The Durand Line disagreement
The Durand line is the 2,640 kilometers (1,519 miles) long "invisible" line which divided British India from Afghanistan; or more precisely British India from the outer extent of Russian penetration into Central Asia, with Afghanistan (in)conveniently positioned as the buffer state. The 1839 Durand Line Agreement, whose legality is still contested by many Pashtuns, was established to secure the border between British India and Afghanistan following British defeat in the second Anglo-Afghan war, as well as to demarcate British (East India British Company) [8] and Russian interests as part of what is now referred to as the Great Game. [9]

Following two wars against Afghans, the British succeeded in 1893 in imposing the Durand Line, dividing Afghanistan and what was then British India. It could be argued that the issues that the Durand Line sought to obscure continue to fuel the current crisis; which partially explains why the boundary is both poorly marked and heavily contested.

Amir Abdul Rahman, who signed the agreement on behalf of Afghanistan, talked publicly about his discontent and on September 30, 1947, Afghanistan formally rejected Pakistan's admission to the UN over the issue. Furthermore, in 1949, the Afghan loya jirga (tribal council)rejected the agreement seeing that one signatory had in fact subsequently been dissolved (ex parte) - ie British India.
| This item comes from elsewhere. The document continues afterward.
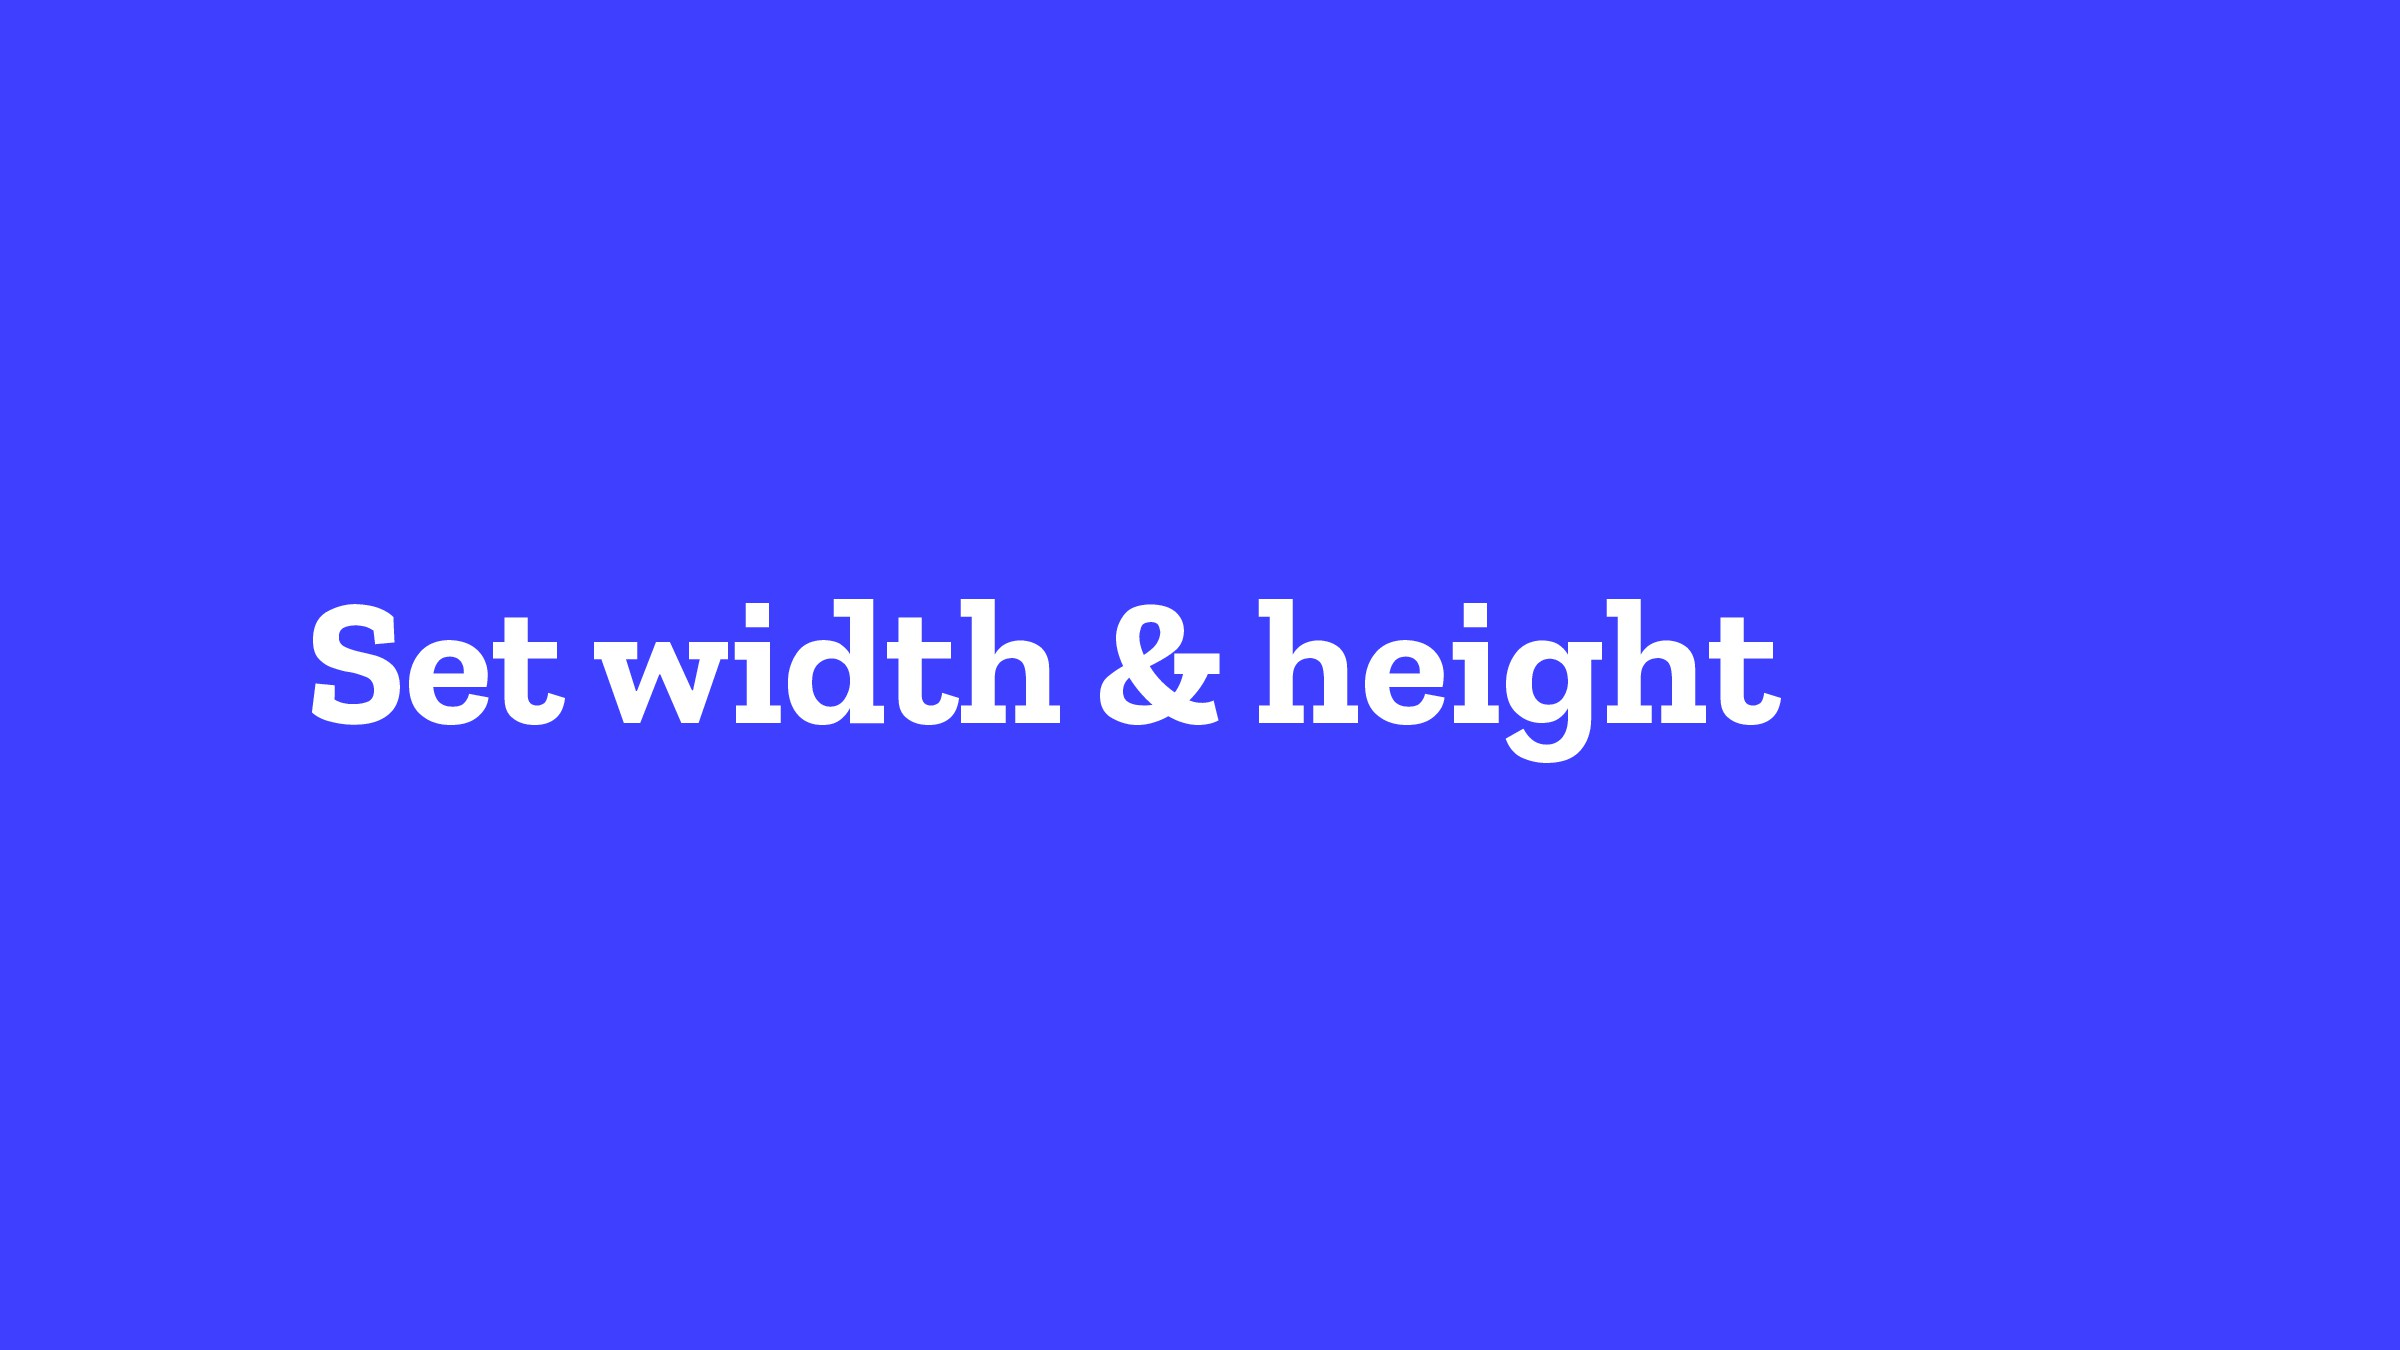 Set width & height

Further, it is clear that as the seeds of discontent continue to fester, reconciliation and resolution through the UN and international courts is perhaps the only way to formally overcome the failures of history. Failure to acknowledge this fact reveals that the very foundation of the current stabilization and reconstruction initiative is in fact on sinking sand. The costs of encampment therefore remain exorbitant and occupation is fraught with uncertainty.
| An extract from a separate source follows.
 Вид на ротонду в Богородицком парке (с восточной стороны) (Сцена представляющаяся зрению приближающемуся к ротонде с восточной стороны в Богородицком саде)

In 1947, the Indian Independence Act also foresaw the creation of an independent state of Balochistan following the annulment of the 1876 treaty signed with the British, around alliance, defensive and offensive matters.

However, following handover of British control to the ruler of Balochistan in that year, Balochistan declared full sovereignty. The government of Pakistan, led by Mohammad Ali Jinnah, sought to regain control of Balochistan, forcing the government into exile. Interestingly, and in spite of somewhat fractious relationship between the Baloch and British, at least self interest allowed the British to support the Baloch to stop the Pashtun tribes of the Suleman Mountains invading, which had risked undermining the Quetta-Taftan trading route.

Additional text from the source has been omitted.